5. Zmieszano 250 cm³ 20 % roztworu H₂SO₄ (ρ=1,15 g/cm³) ze 150 cm³ 50 % H₂SO₄ (ρ=1,40 g/cm³). Jakie jest stężenie procentowe i molowe końcowego roztworu? Odp. 32.6 %; 4,15 mol/l.

6. Jak otrzymać 1 dm³ 1,00 M roztworu kwasu ortofosforowego(V) mając do dyspozycji stężony kwas (85,5 %, σ =1,70 g/cm³). Odp. c_M(85,5 %)=14,8 M; 67,5 cm³ stężonego H₃PO₄ wlać do wypełnionej częściowo wodą kolby miarowej, wymieszać, uzupełnić wodą do 1 dm³ i wymieszać.

7. Zmieszano 100 cm³ 0,30 M roztworu chlorku sodu i 200 cm³ 0,20 M roztworu siarczanu sodu.

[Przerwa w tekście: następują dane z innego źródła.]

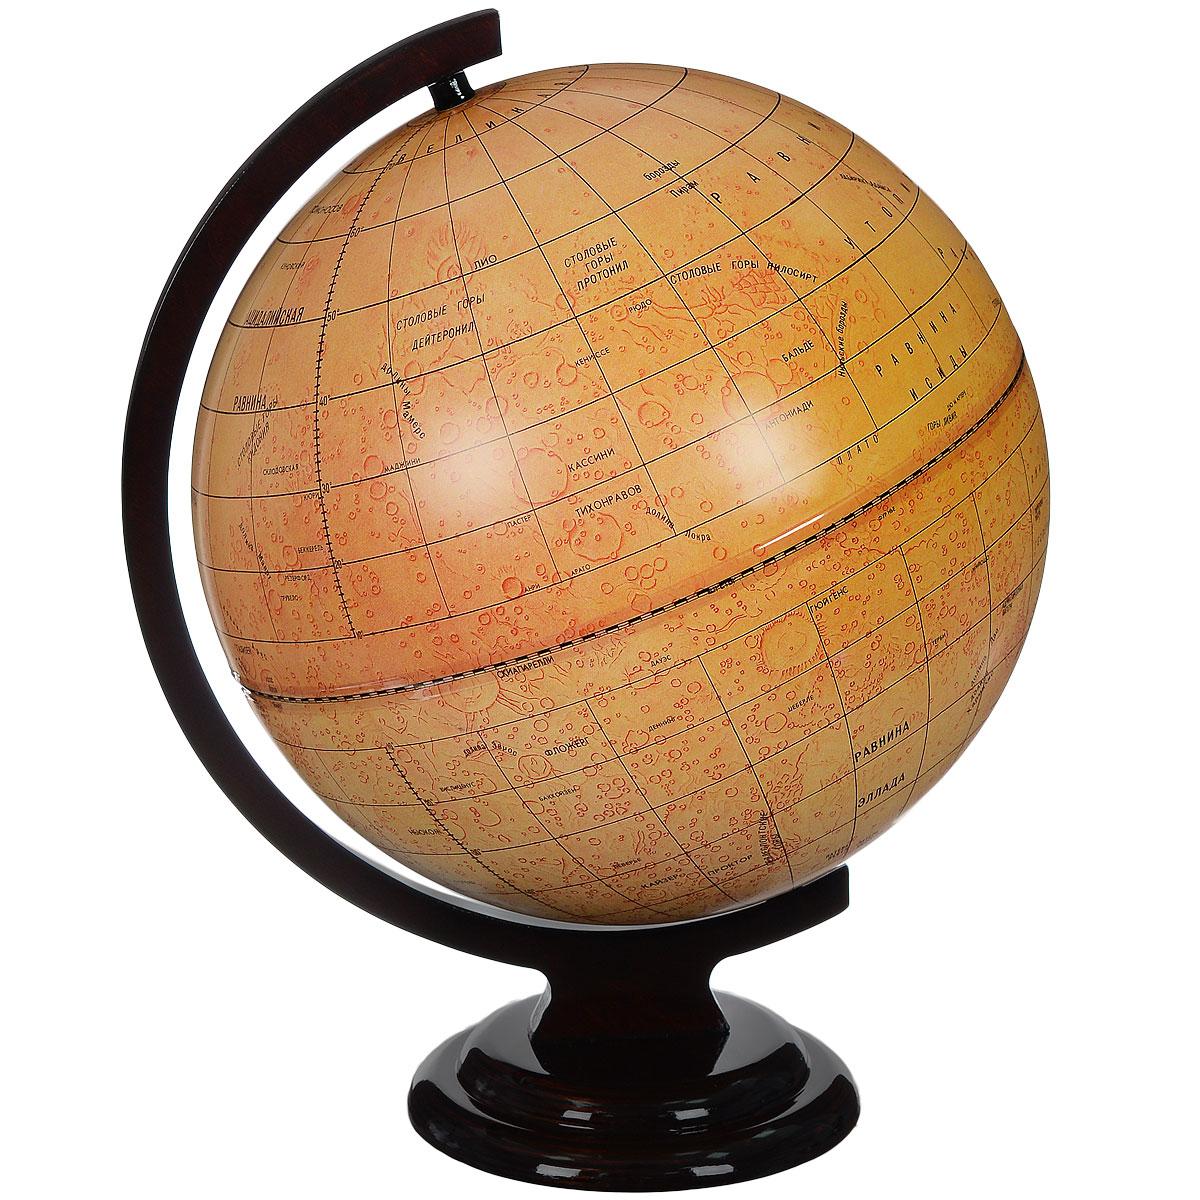 Глобусный мир Глобус Марса, диаметр 32 см на деревянной подставкеFS-00897Глобус Марса Глобусный мир, изготовлен из высококачественного прочного пластика.Данная модель предназначена для ознакомления с географией марсианской поверхности. На глобусе указаны названия марсианских гор, борозд, плато, равнин, кратеров и каньонов.Такой глобус станет прекрасным подарком и учебным материалом для дальнейшего изучения астрономии. Изделие расположено на деревянной подставке.Настольный глобус Марса Глобусный мир станет оригинальным украшением рабочего стола или вашего кабинета. Это изысканная вещь для стильного интерьера, которая станет прекрасным подарком для современного преуспевающего человека, следующего последним тенденциям моды и стремящегося к элегантности и комфорту в каждой детали.Масштаб: 1:40 000 000.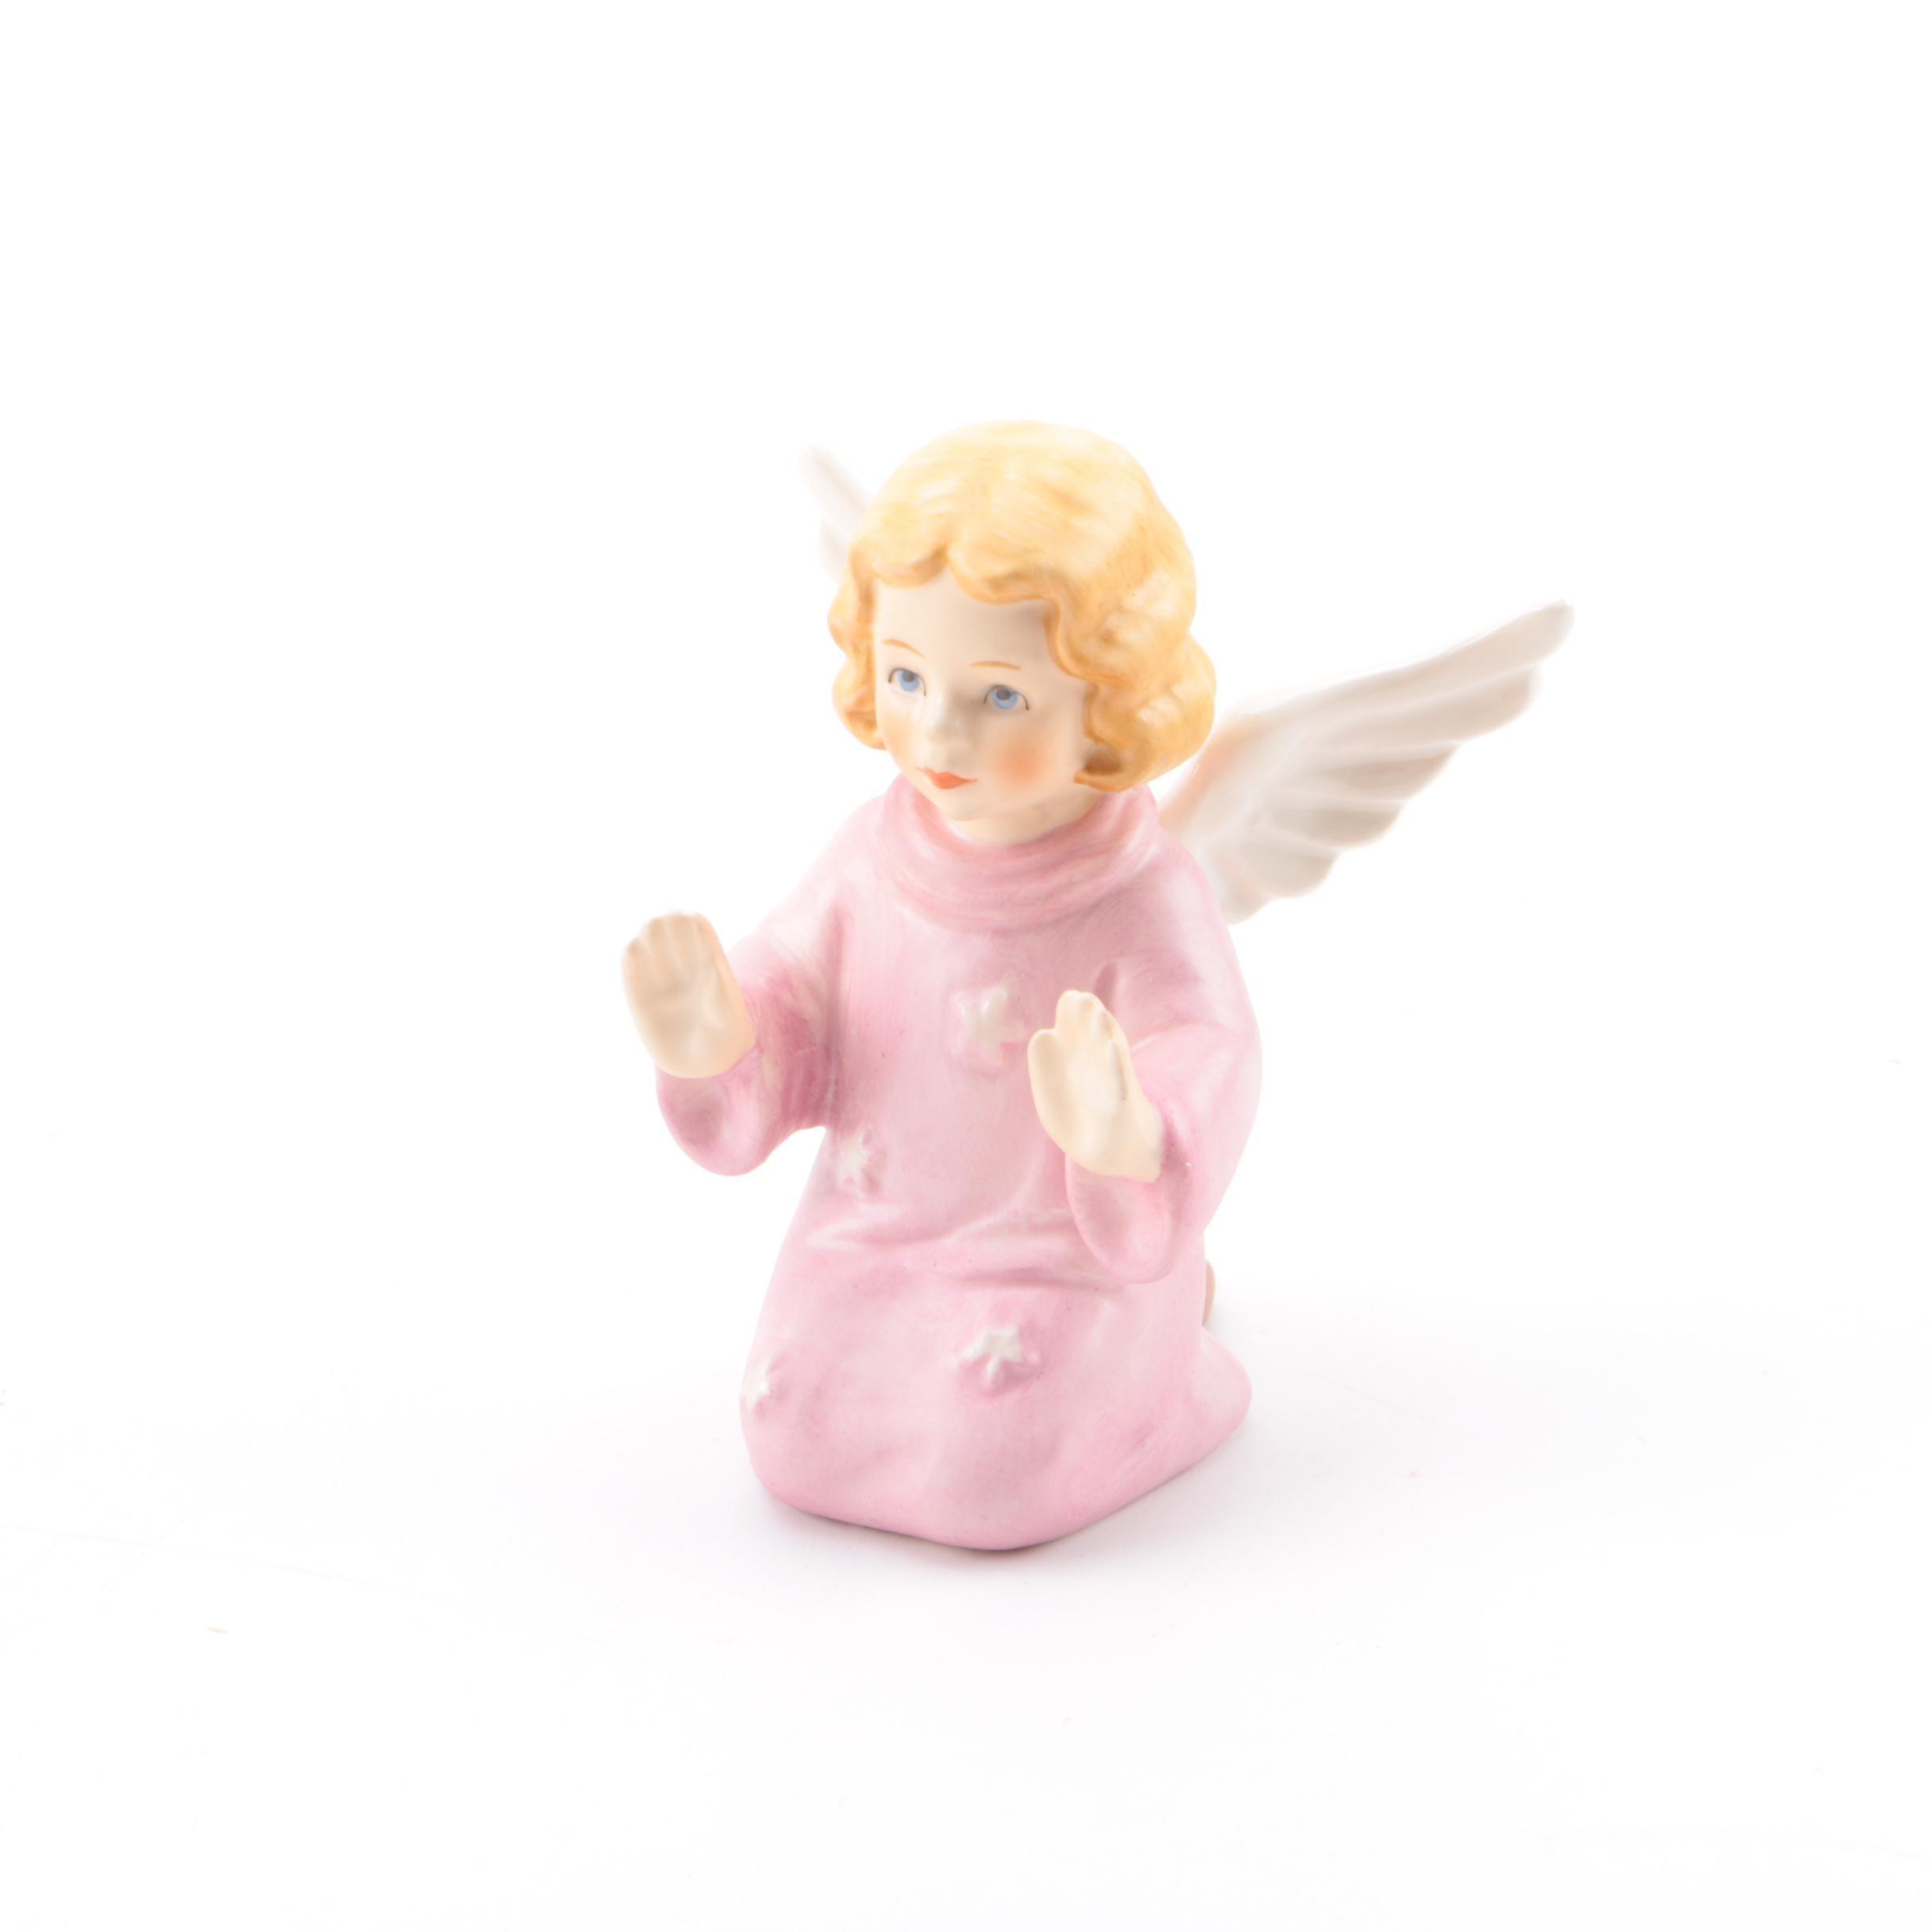 Vintage Geobel Porcelain Angel in Pink Figurine

Oblicz stężenie molowe jonów sodu w otrzymanej mieszaninie. Odp. 0,37 M

Zadania domowe 1

1. Oblicz masę molową: a) NaBr×2H₂O, b) benzenu

2. Należy odmierzyć 2,50 mola benzenu. Ile to gramów?, ile to cm³?, ρ=0,88 g/ml .

3. Roztwór o masie 120 g zawiera 30 g LiOH. Jakie jest stężenie procentowe tego roztworu?

4. Ile gramów NaOH należy zważyć aby otrzymać 300 cm³ roztworu o stężeniu 1,5 mol/dm³?

5. Stężony, 65 % kwas azotowy(V) ma gęstość 1,32 g/cm³. Oblicz jego stężenie molowe.

6. Odważono 0,4960 g szczawianu diamonu. Oblicz ile to moli?, ile to milimoli? Odp. 0,004000 mola = 4,000 mmole

7. Jakie jest stężenie molowe roztworu, który w 1,2 dm³ zawiera 0,6 mola mocznika? 0dp. 0,5 mol/l

8. W 450 g wody rozpuszczono 50 g sacharozy. Jakie jest stężenie procentowe tego roztworu? Odp. 10 %

9. Ile gramów octanu sodu znajduje się w 324 g roztworu o stężeniu 5,30 % ? Odp. 17,2 g.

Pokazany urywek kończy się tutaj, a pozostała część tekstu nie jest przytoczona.